痛々しくて痛い
「『同期に対してただ仕事に関する相談や確認をしてるだけ。自意識過剰。勘違い男』とか返しやがった」

「そ、それは…」


生まれてこのかた男女交際などした事はなく、その前段階の駆け引きの仕方さえ良く分かっていない私だけれど、渡辺さんのそのやり方はどの角度から見ても相手を振り向かせるどころか、逆効果にしかならない最悪なもののように思う。

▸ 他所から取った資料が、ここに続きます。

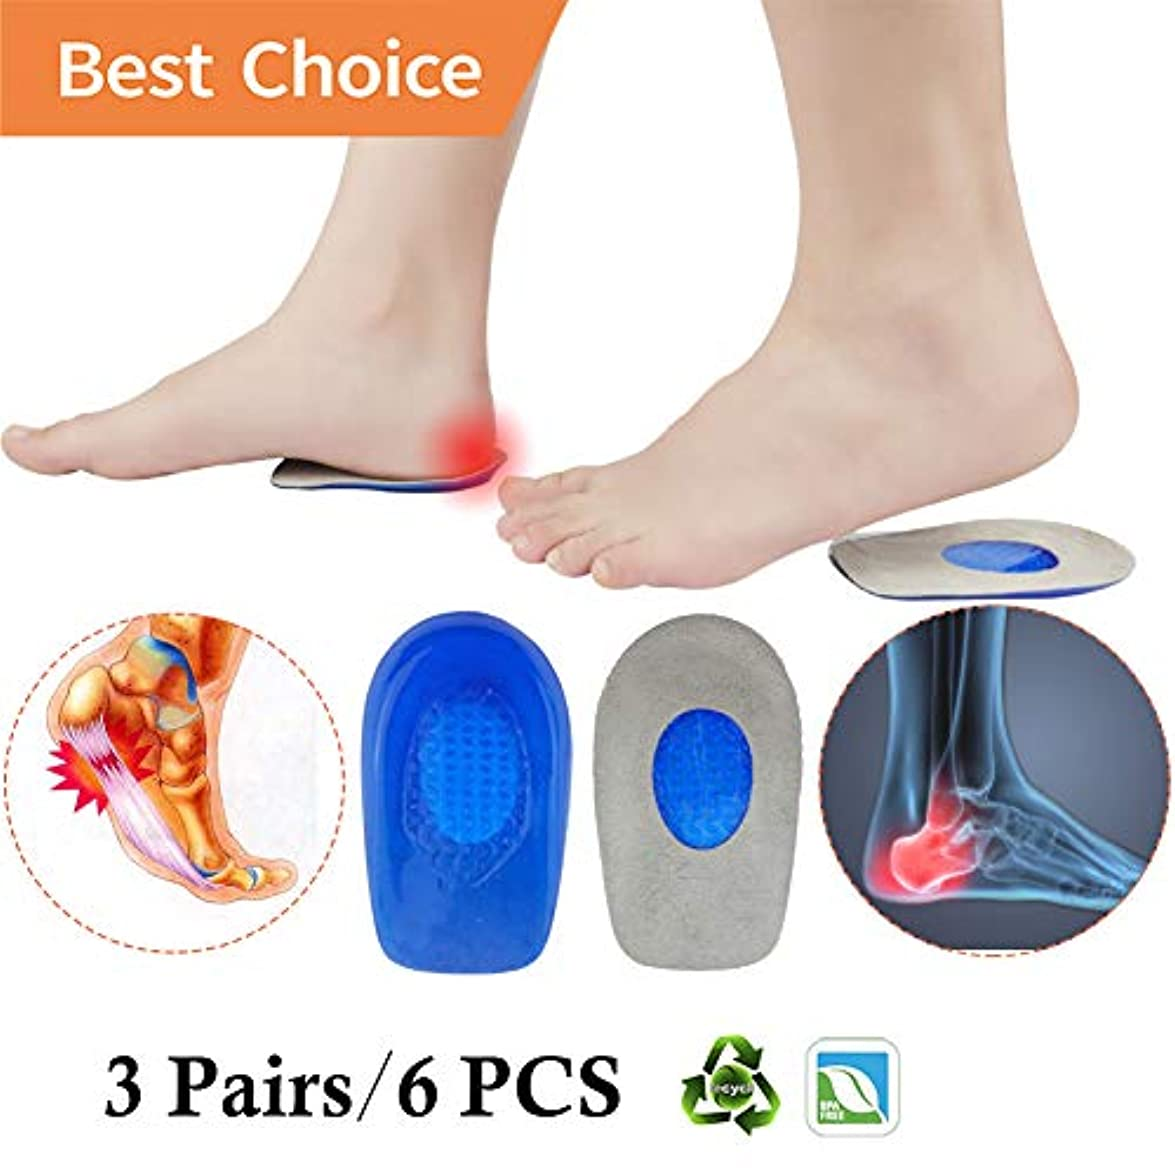 足底筋膜炎インサート かかと中敷き ヒールカップ ゲル ヒールパッド クッション (3ペア)ヒールインサート 踵の痛みに最適 アキレス腱炎 男女兼用
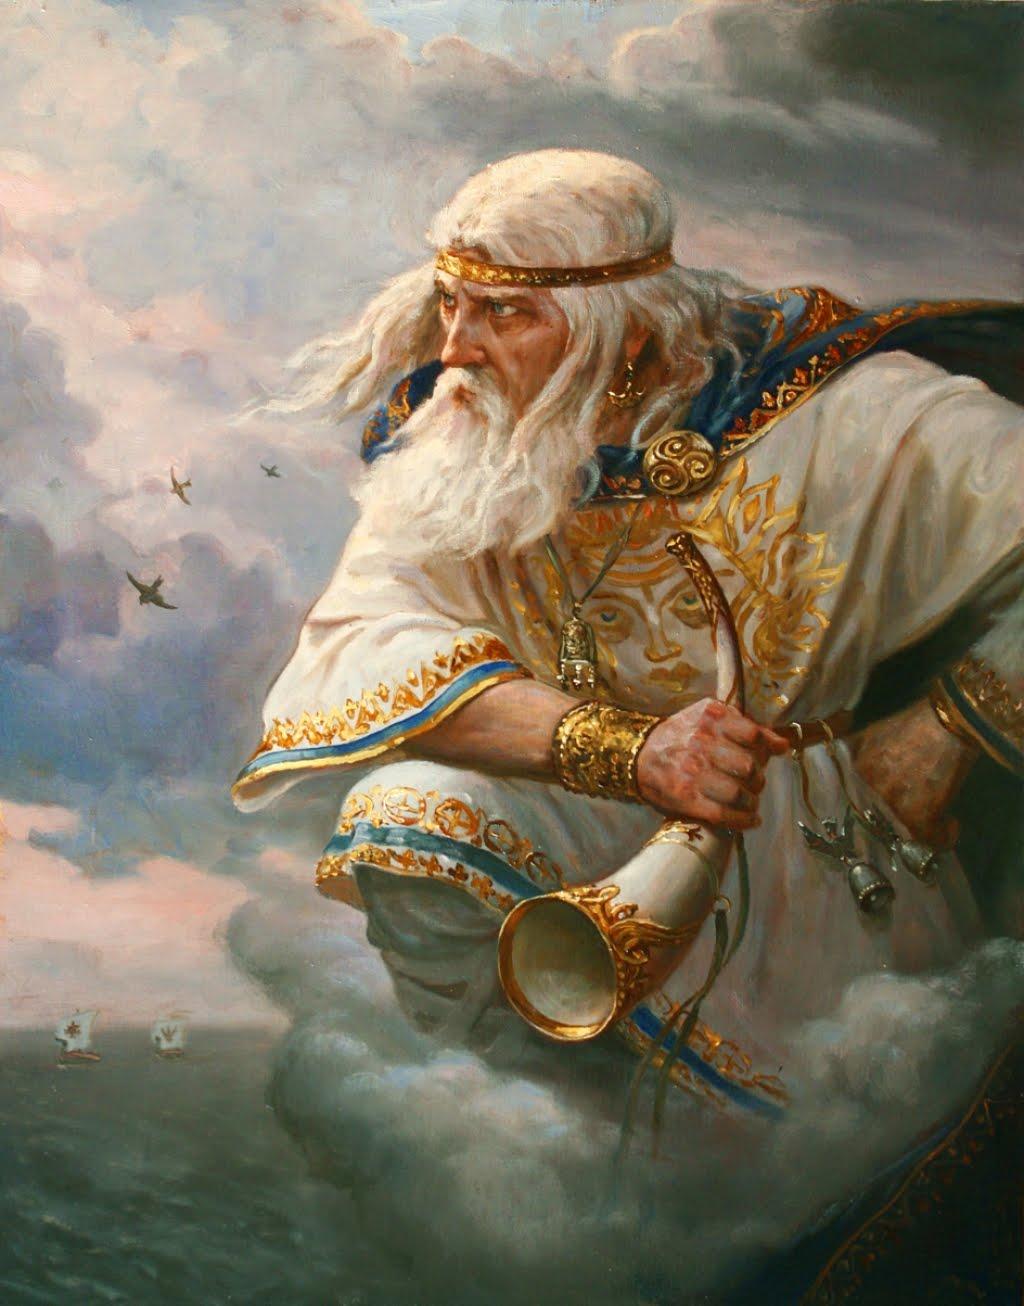 Бог ветра в славянской мифологии – Стрибог

それとも、『どうせ振られるんならとことん嫌われてやれ』とでも考えたのだろうか。


「山本と高橋も渡辺の事を後押ししてるような感じだったし、こりゃまともに取り合ってても無駄だなと思って、アイツらとは距離を置く事にしたんだ。研修期間も残り少なくなってたし、配属先もそれぞれバラバラだったから、まぁ、ここで仲違いしても、さほど影響はないよな、と」

「全然気が付きませんでした…」

「そりゃあ、周りに目がある時は無難に対応してたから。でも、絶対にこっちからは近寄らなかったし、メールと着信は完全に無視してた。あっちも、さすがに入社早々目立ったトラブルを引き起こす気はなかったみたいで、何も言って来なかったしな。『何だ。あっけなく解決したじゃないか』なんて安心してたら、あのアルバム事件だよ」


「事件」という表現に、ギクリとしたのと同時に私の胸はひどく痛んだ。


やはり麻宮君の中では、あの日の出来事は、忌まわしいものとして記憶に刻まれているのだなと。